Helen Lackaye (January 10, 1883 – October 19, 1940) was an American actress.

Life and career 
Lackaye was born on January 10, 1883, in Washington, D.C. She was the sister of actors Wilton Lackaye and James Lackaye and attended school at Holy Cross Convent in Washington, D. C.

Lackaye debuted on stage in New York City in Ninety and Nine at the Academy of Music, after which she performed with Amelia Bingham's repertory company.

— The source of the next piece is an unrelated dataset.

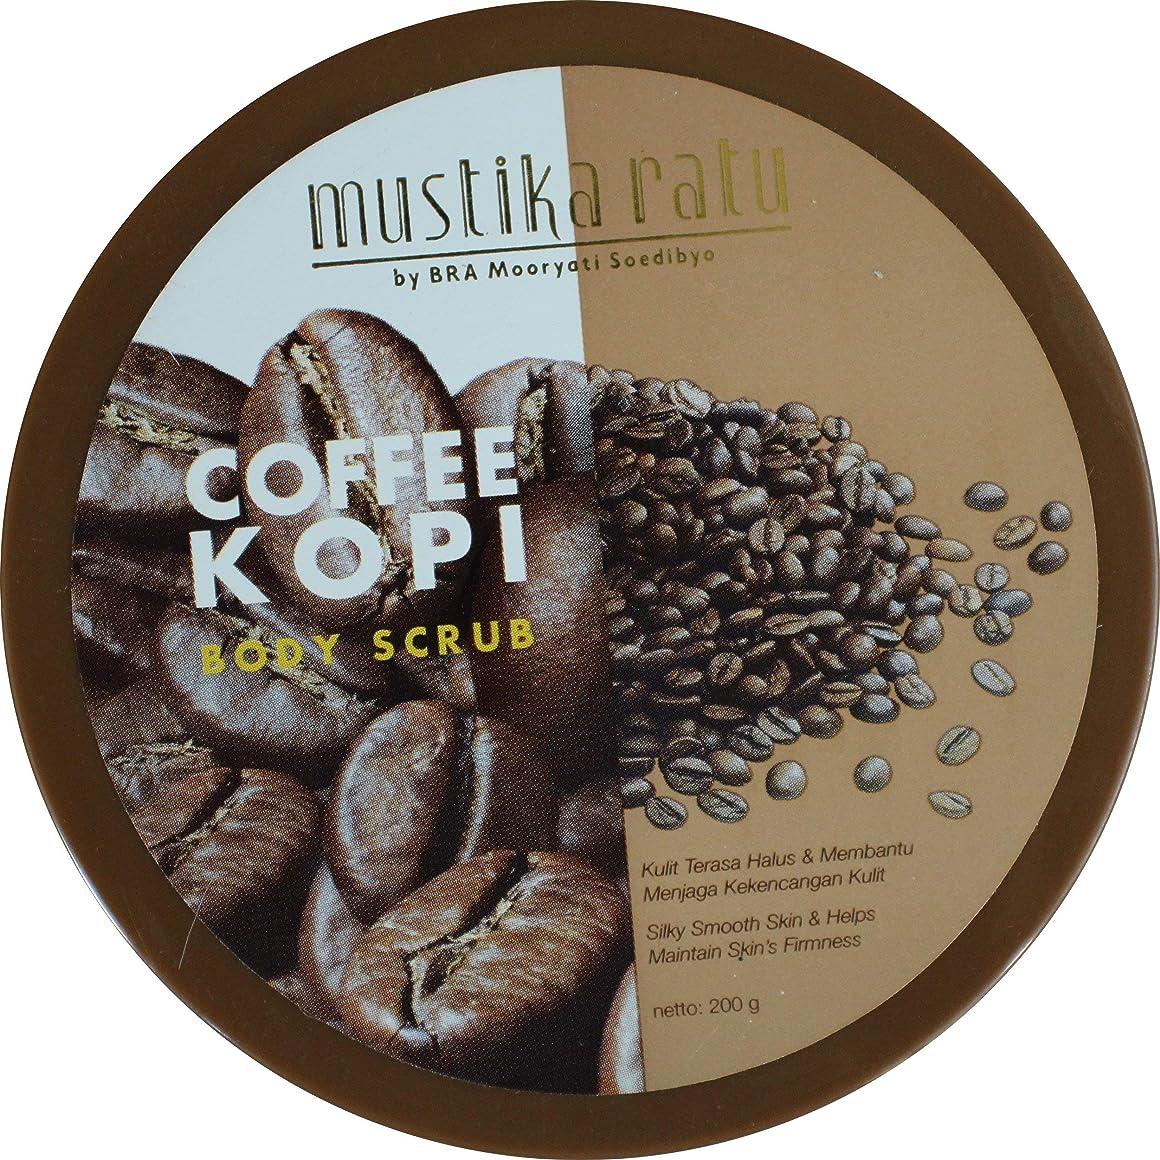 ベット連帯肖像画Mustika Ratu インドネシア200グラム単位でのコーヒーボディスクラップ

She debuted on Broadway portraying Hippolyta in A Midsummer Night's Dream (1903).

She was married to Harry J. Ridings, who managed the Cohan Grand Opera House in Chicago.

Lackaye died on October 19, 1940, on a Baltimore and Ohio train travelling through Pennsylvania to the Jersey City Terminal in Jersey City, New Jersey.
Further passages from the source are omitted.